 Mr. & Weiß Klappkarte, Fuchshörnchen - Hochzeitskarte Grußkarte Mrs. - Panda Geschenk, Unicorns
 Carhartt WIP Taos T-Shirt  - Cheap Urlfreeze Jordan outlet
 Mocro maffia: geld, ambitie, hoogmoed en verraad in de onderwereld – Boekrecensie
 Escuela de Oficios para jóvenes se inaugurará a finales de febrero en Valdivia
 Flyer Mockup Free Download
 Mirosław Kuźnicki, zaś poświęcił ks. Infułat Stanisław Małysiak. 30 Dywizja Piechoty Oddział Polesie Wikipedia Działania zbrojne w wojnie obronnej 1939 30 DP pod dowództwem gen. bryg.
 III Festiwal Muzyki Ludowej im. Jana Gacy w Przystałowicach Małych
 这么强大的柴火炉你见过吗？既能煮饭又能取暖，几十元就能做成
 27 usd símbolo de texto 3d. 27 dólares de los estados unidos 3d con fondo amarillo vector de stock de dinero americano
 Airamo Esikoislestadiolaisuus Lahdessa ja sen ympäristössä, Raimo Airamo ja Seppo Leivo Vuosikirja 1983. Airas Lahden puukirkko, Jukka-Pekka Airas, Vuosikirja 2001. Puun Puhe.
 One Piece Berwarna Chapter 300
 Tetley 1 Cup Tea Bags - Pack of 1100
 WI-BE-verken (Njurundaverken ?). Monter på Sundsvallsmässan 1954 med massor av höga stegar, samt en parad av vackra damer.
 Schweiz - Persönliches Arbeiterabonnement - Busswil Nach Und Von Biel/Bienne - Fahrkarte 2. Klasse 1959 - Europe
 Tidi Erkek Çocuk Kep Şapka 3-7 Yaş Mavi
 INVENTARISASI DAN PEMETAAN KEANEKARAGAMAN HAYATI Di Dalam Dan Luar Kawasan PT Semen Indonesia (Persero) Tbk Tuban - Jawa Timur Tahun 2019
^^^^
*THE PROBLEM*. Your reply should consist of all the records, set down exactly.

*WRITTEN RESPONSE*.
 Mr. & Weiß Klappkarte, Fuchshörnchen - Hochzeitskarte Grußkarte Mrs. - Panda Geschenk, Unicorns
 Carhartt WIP Taos T-Shirt  - Cheap Urlfreeze Jordan outlet
 Mocro maffia: geld, ambitie, hoogmoed en verraad in de onderwereld – Boekrecensie
 Escuela de Oficios para jóvenes se inaugurará a finales de febrero en Valdivia
 Flyer Mockup Free Download
 Mirosław Kuźnicki, zaś poświęcił ks. Infułat Stanisław Małysiak. 30 Dywizja Piechoty Oddział Polesie Wikipedia Działania zbrojne w wojnie obronnej 1939 30 DP pod dowództwem gen. bryg.
 III Festiwal Muzyki Ludowej im. Jana Gacy w Przystałowicach Małych
 这么强大的柴火炉你见过吗？既能煮饭又能取暖，几十元就能做成
 27 usd símbolo de texto 3d. 27 dólares de los estados unidos 3d con fondo amarillo vector de stock de dinero americano
 Airamo Esikoislestadiolaisuus Lahdessa ja sen ympäristössä, Raimo Airamo ja Seppo Leivo Vuosikirja 1983. Airas Lahden puukirkko, Jukka-Pekka Airas, Vuosikirja 2001. Puun Puhe.
 One Piece Berwarna Chapter 300
 Tetley 1 Cup Tea Bags - Pack of 1100
 WI-BE-verken (Njurundaverken ?). Monter på Sundsvallsmässan 1954 med massor av höga stegar, samt en parad av vackra damer.
 Schweiz - Persönliches Arbeiterabonnement - Busswil Nach Und Von Biel/Bienne - Fahrkarte 2. Klasse 1959 - Europe
 Tidi Erkek Çocuk Kep Şapka 3-7 Yaş Mavi
 INVENTARISASI DAN PEMETAAN KEANEKARAGAMAN HAYATI Di Dalam Dan Luar Kawasan PT Semen Indonesia (Persero) Tbk Tuban - Jawa Timur Tahun 2019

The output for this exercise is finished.